### Work instructions
Take the lines below from the one with "Next dress up" through the one with "Sensational 50 Caliber" and retype them exactly. Include nothing else, and no pictures.

### Supplied information

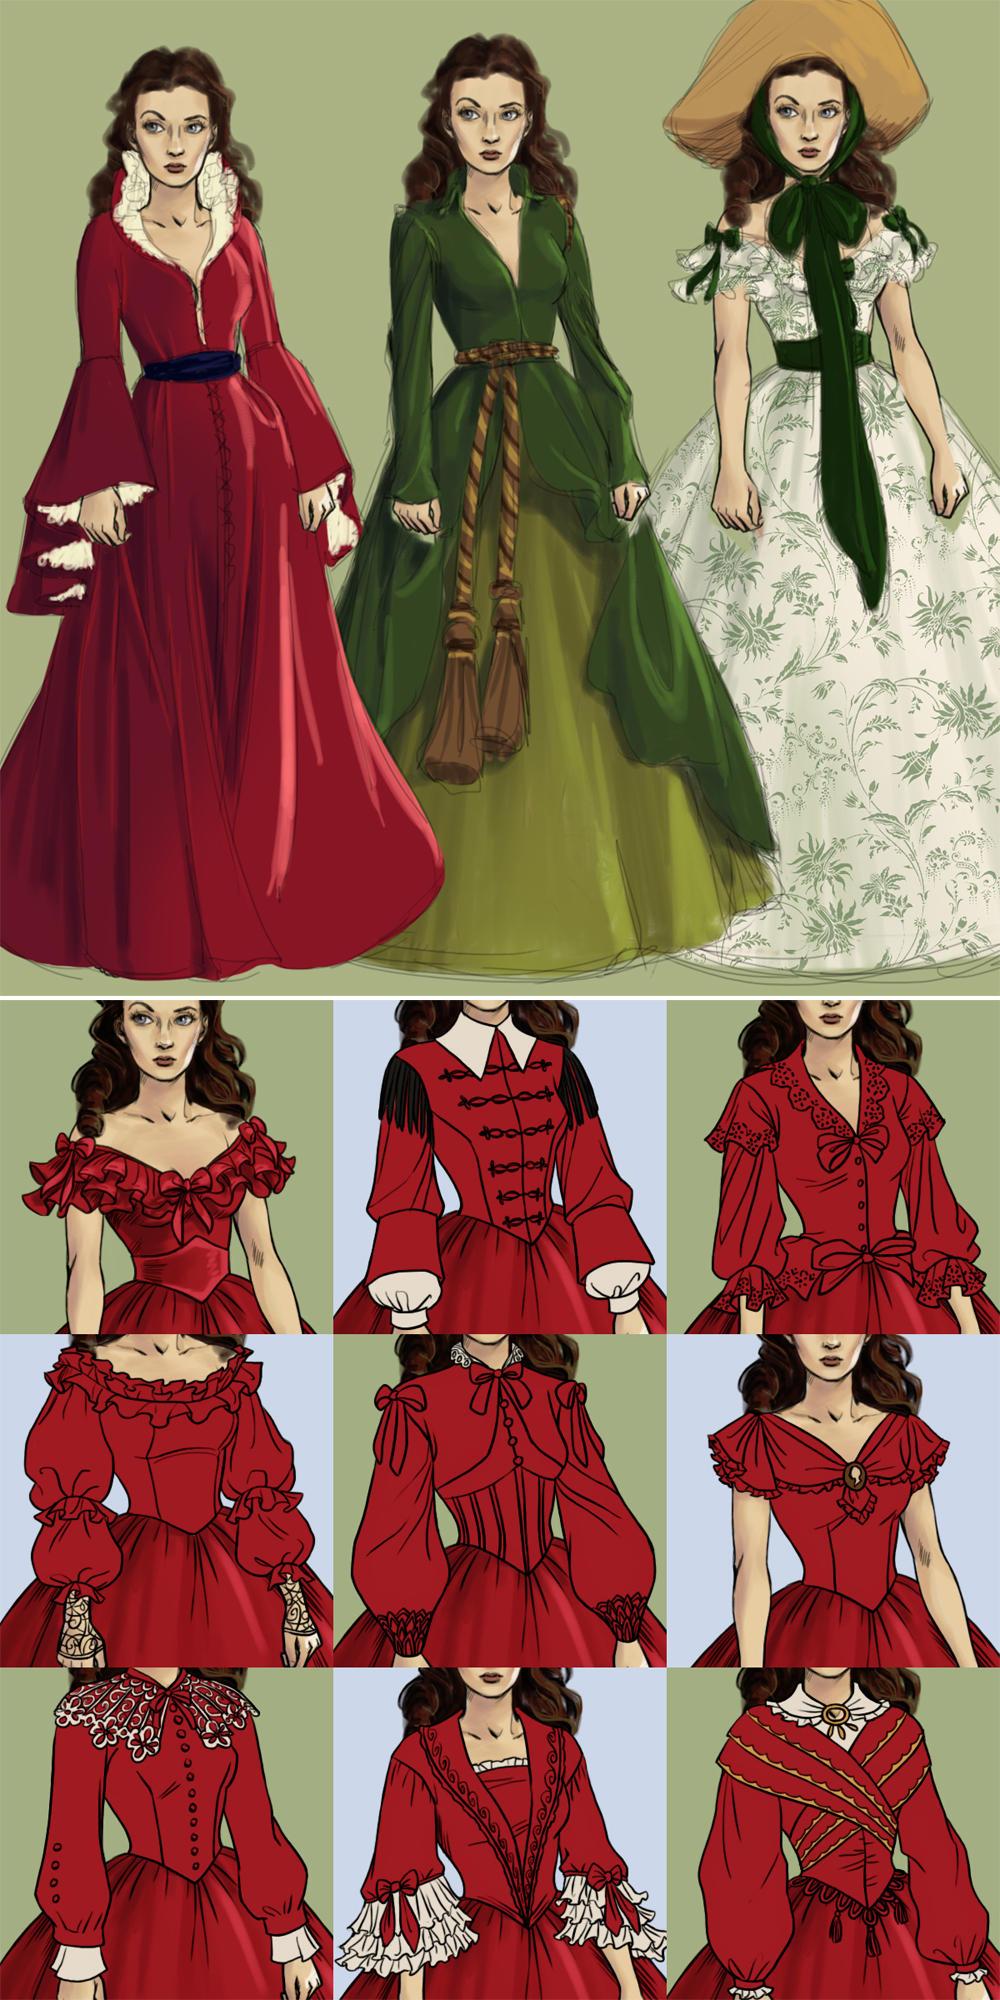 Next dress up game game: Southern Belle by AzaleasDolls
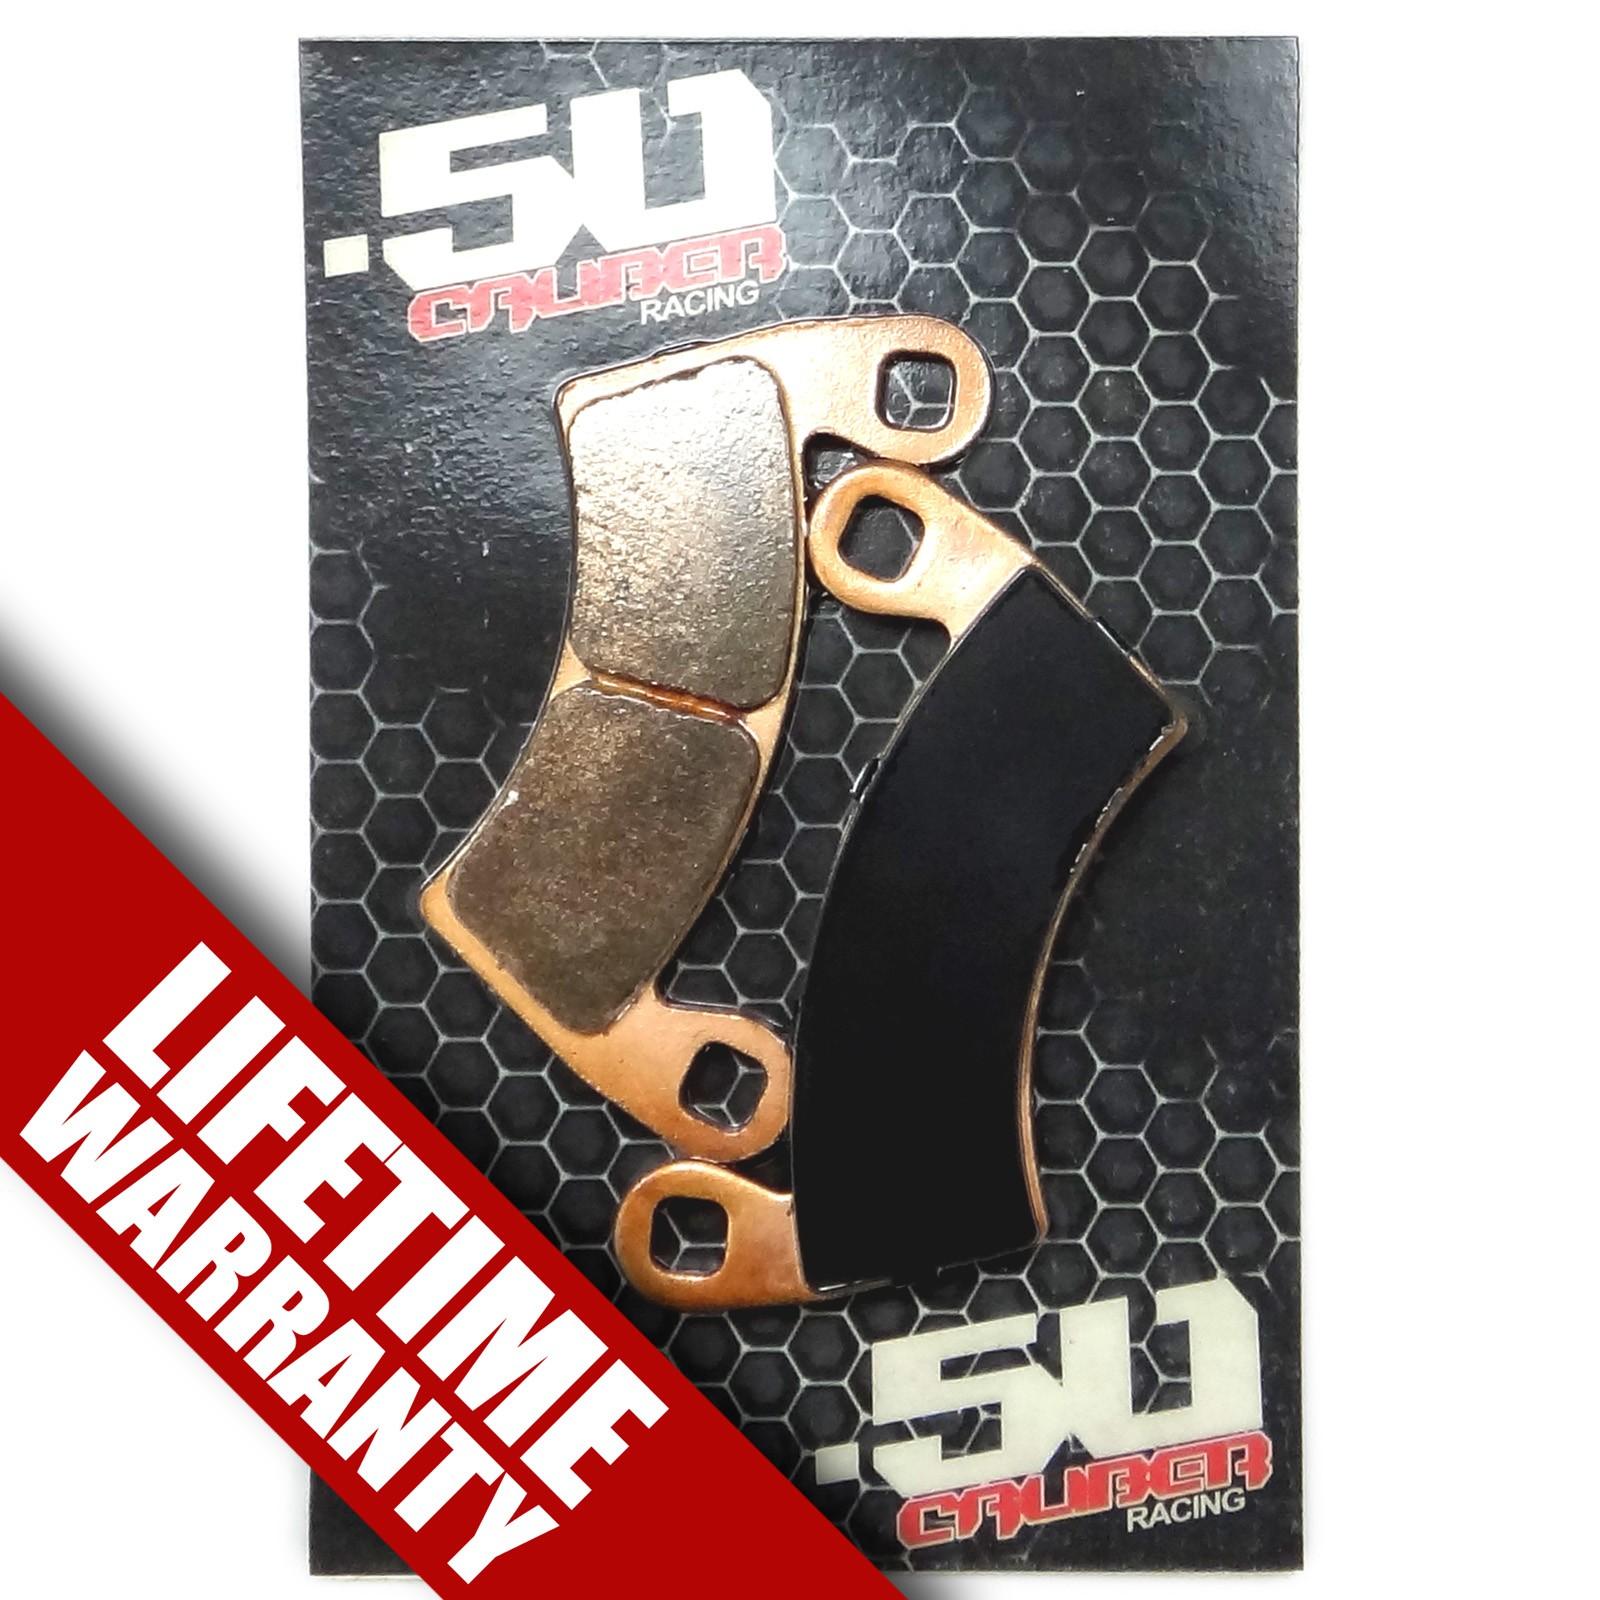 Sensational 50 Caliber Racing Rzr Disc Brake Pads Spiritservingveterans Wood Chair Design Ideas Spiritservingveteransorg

--

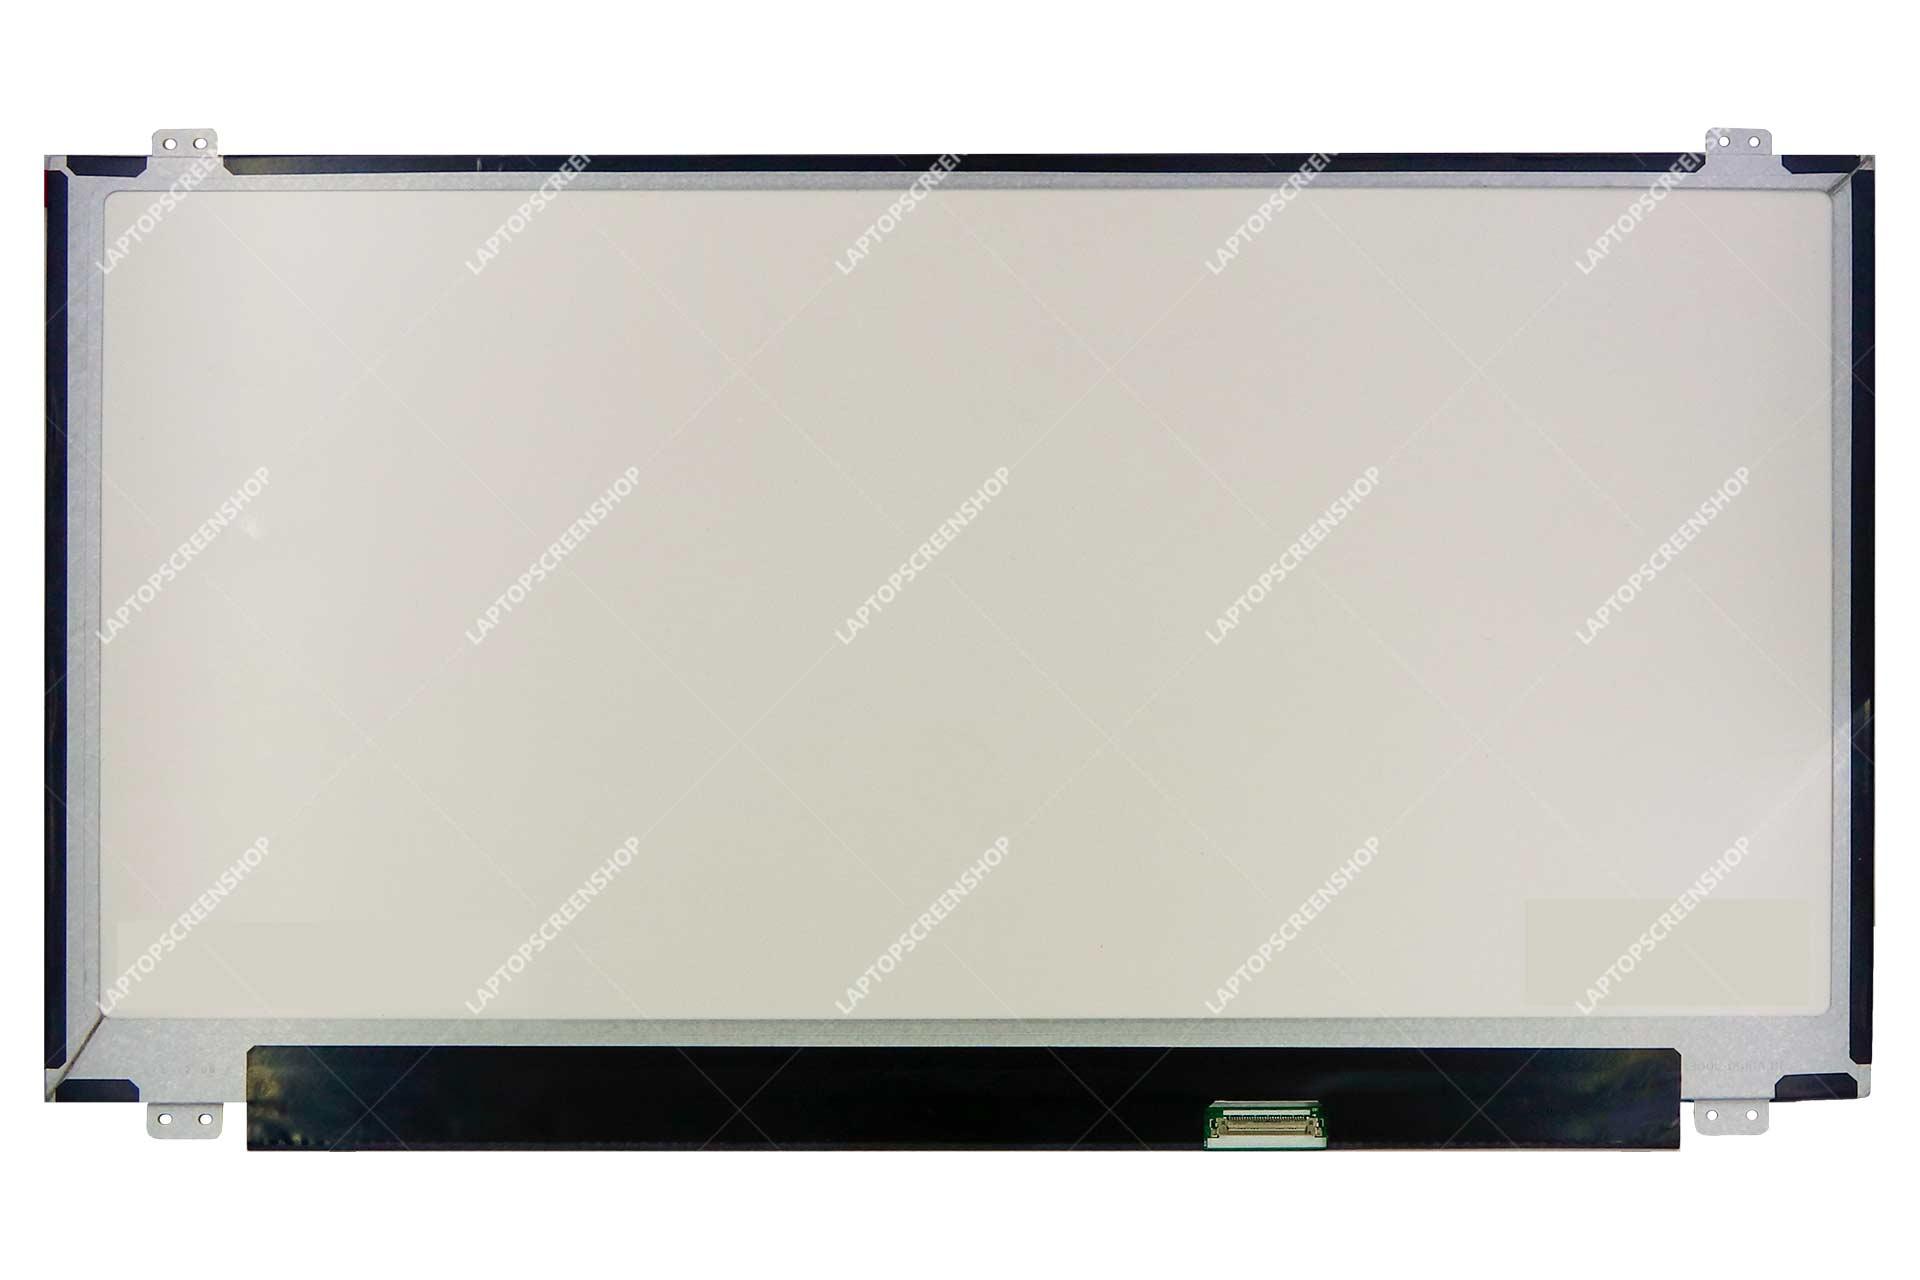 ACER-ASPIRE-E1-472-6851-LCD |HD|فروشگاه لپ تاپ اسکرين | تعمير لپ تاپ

### Answer to this problem
 Next dress up game game: Southern Belle by AzaleasDolls
 Sensational 50 Caliber Racing Rzr Disc Brake Pads Spiritservingveterans Wood Chair Design Ideas Spiritservingveteransorg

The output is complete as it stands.